EEGMMIDB Dataset and Preprocessing

Overview

This repository provides instructions for downloading and preprocessing the EEGMMIDB dataset, a dataset commonly used for EEG (Electroencephalogram) analysis. The dataset is hosted on PhysioNet and contains EEG recordings from subjects performing motor imagery and executed movements.

Getting Started

Downloading the Dataset

To download the dataset, use the following command in the project root:

wget -r -N -c -np https://physionet.org/files/eegmmidb/1.0.0/

This command uses wget to recursively download the necessary files from the PhysioNet repository.

Setting up the Environment

Create a virtual environment and install the required packages by running the following commands:

python -m venv venv
source venv/bin/activate  # On Windows, use `venv\Scripts\activate`
pip install -r requirements.txt

This ensures that you have a clean environment with all the dependencies.

Preprocessing the Dataset

Run the preprocessing script to generate preprocessed TensorFlow datasets:

python preprocessing.py

Create the tf dataset running

python preprocessing.py

It is possible to change the values passed to each variable, but any changes will have to be adjusted in the model loader in the master.ipynb. Example:

python preprocessing.py --batch_size 2 --stride 100 --n_steps 700

This script handles the necessary steps to preprocess the EEGMMIDB dataset and prepares it for further analysis.

Preprocessing Discussion

1. Data Loading and Label Encoding:

The getXYdata function extracts EEG signals (X) and labels (y) from the raw EEG recordings. The labels are encoded using LabelEncoder to convert categorical labels into a numerical format.

2. Time Series Splitting:

The splitTimeSeries function segments the time series data into instances with a specified number of steps (n_steps) and a specified stride. Choosing appropriate values for these parameters is crucial for subsequent analysis.

3. Generator Function:

The generator_function iterates over EEG recordings of different individuals and exams using MNE to read raw EEG data. It calls getXYdata and splitTimeSeries to yield segmented instances for training.

4. TensorFlow Dataset Creation:

The create_tf_dataset function converts the generator function into a TensorFlow dataset, specifying the output signature for X and y.

5. Command-Line Arguments:

Command-line arguments such as --batch_size, --stride, and --n_steps impact the preprocessing pipeline. The optional --save argument allows for saving the full train and test datasets.
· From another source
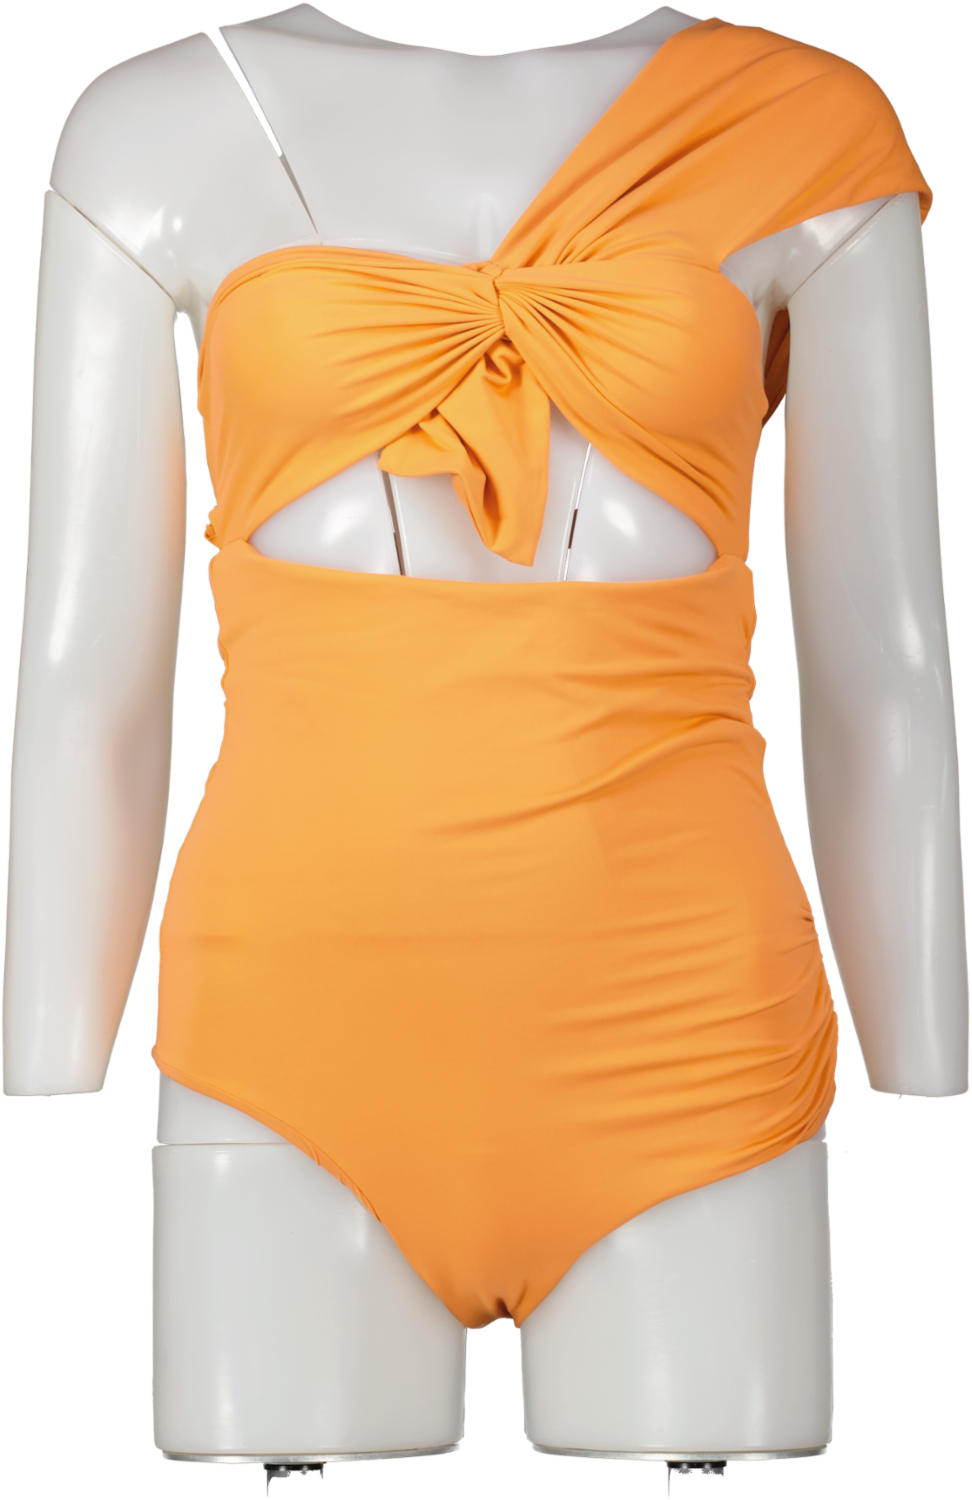 Marysia Orange Venice One-shoulder Cutout Swimsuit UK S

6. Dataset Splitting and Saving:

The full dataset is split into training and testing sets with an 80-20 split. Optionally, users can save the datasets using tf.data.experimental.save.

7. Creating Smaller Datasets:

The --tiny argument allows for creating smaller datasets (tiny_train_dataset and tiny_test_dataset) useful for faster testing during development.

8. Model comparison:

The following models were trained and tested with 5% of the original dataset separated into batches of 512 instances each, with a stride of 100 between the data points and 200 time steps per data point. Each model was trained with 30 epochs and the training and testing (validation) data do not overlap.

Train and test accuracies

Model Comparison

Confusion matrices

confusion_matrix_comparison

  • Recurrent: a simple recurrent neural network was the first tested model, it clearly did not yield good results as it did underfitted severely and only predicted a single class on the test set.
  • Recurrent Complex: a more complex recurrent neural network. It did also underfitted.
  • Wavenet: Similar result to both recurrent models.
  • Convolutional: A medium sized convolutional neural network. It overfitted and was the only model to predict different classes regularly over the dataset, all the other models only predicted a single class.
  • Convolutional Regularized: In an attempt to stop the overfitting and improve performance over the test set the standard convolutional model was regulzarized using dropout layers, but it resulted in underfitting.

Conclusion:

None of the models were able to predict the target variable with significant accuracy on the test set. The one which got the closest was the deep convolutional model.

Next steps

The next steps will be:

  • improving pre-processing: Adding fast fourier transform to the pre-processing layer and generating images from the dataset will greatly add to the depth of information and should improve drastically the performance of the convolutional models.
  • Variational autoencoders: The state of the art papers in the field all use convolutional variational autoencoders to analyze and classify the resulting spectrograms from the fft, so these models might be the ideal tools to reach the envisioned goal of classifying motor imagery electro encephalogram datasets.

References

The initial models used in this project are sourced from the following repository:

https://github.com/ageron/handson-ml3/blob/main/15_processing_sequences_using_rnns_and_cnns.ipynb

These models serve as a starting point for further development and experimentation with the EEGMMIDB dataset.